I have gotten a little lazy with measuring, and seem to be getting the feel for what makes a good dough. My favorite recent trick is to dampen the towel that is resting over the bowl while the dough is rising. It seems to prevent the outside of the dough from drying out which allows it to rise more easily (I think, anyway..).
pie season
May 5, 2010
Some people have hunting season, or fashion season, or basketball season. I have pie season. It starts as soon as I can grab hold of something fresh and fruit like, and lasts until I have run out of pie fillings, or I am just sick of pie (some time around Thanksgiving).
I guess pie season officially kicks off with rhubarb. The strawberries are fast coming, but the rhubarb is here. And my friend Hilary brought me a bundle last night. As soon as I got home, I mixed together a batch of dough, and chopped the rhubarb.
Pie is pretty much the perfect combination of butter, flour, sugar and fruit. And a dash of salt here and there.
I don’t really add much else, and things usually turn out okay.

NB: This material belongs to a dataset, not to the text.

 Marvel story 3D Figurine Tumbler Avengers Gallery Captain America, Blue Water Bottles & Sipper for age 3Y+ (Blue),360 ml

First thing this morning, I rolled out my dough, sugared the rhubarb, and assembled the pie. Because I didn’t have quite enough time to bake the pie at home, I brought it to work with me, and popped in the oven at the store. (One of the many benefits of working at At Home..)
The sugar sprinkled on top made a nice little sparkle, and the pie barely dripped! My mom made a parchment paper drip catcher in case of any big spills. I usually just let it drip, and consequently, my oven (and house) can smell terrible on occasion.

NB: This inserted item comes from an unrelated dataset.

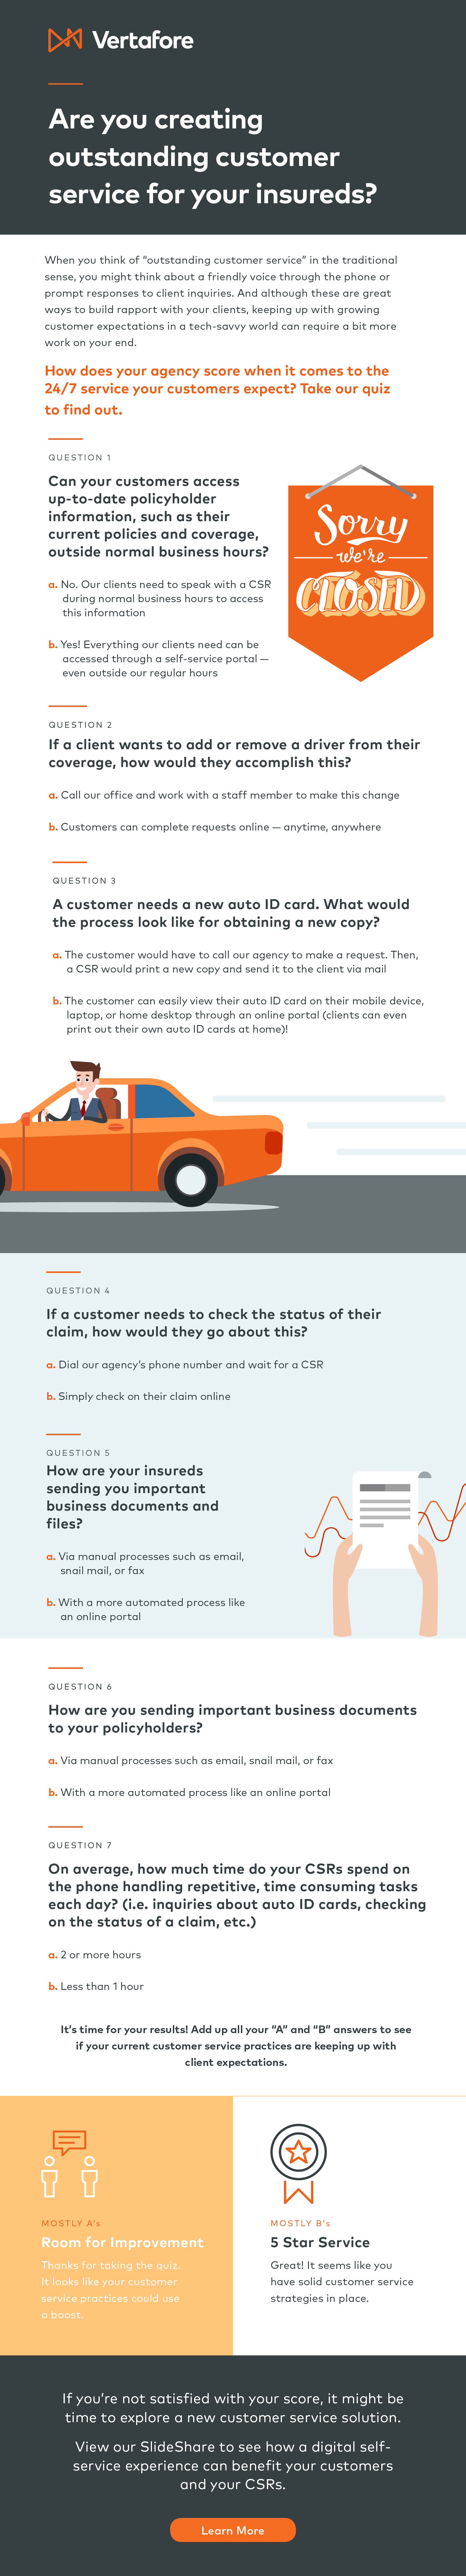 Are you creating outstanding customer service for your insureds? Infographic

And finished pie, ready to be eaten in the garden! (picture by Chloe!)
more asparagus, more sourdough, enter grill pan
May 4, 2010
I have continued to make the sourdough bread. The starter, which lives in my fridge, continues to sour more and more flour and water. And supply me with tasty bread! Each time I make a loaf, I change a few things here and there, and of course manage to forget what I have changed in the meantime. But I have a pretty good system going. On cold days I let the dough rise in a very slightly warmed oven, and this speeds things up a bit. And I make sure to let the starter have a good amount of time one the counter, open to fresh air, as this is what carries the naturally occurring yeasts! I love that the starter is tailored to my climate, to my kitchen!
Today I got home, grabbed some asparagus, grabbed some bread, grabbed a grill pan, and made a grilled cheese sandwich.
I preheated the pan first (with the lid on so that it would heat as well). Then I grilled the asparagus, basting it from time to time with olive oil and salt.
Then I sliced the bread, brushed with olive oil, and pressed in the pan. I wanted to cook both sides of the bread a little before I added cheese. Which I did. Then I pressed the sandwich with the heavy top, and got nice little burn marks across the sandwich! (I might have heated the pan up a little too hot, but fortunately I like crispy things..)
Asparagus finished, sandwich finished, a simple salad finished, and I ate lunch. With peppermint tea.
The whole event was soundtracked with loud and boisterous Hungarian folk music!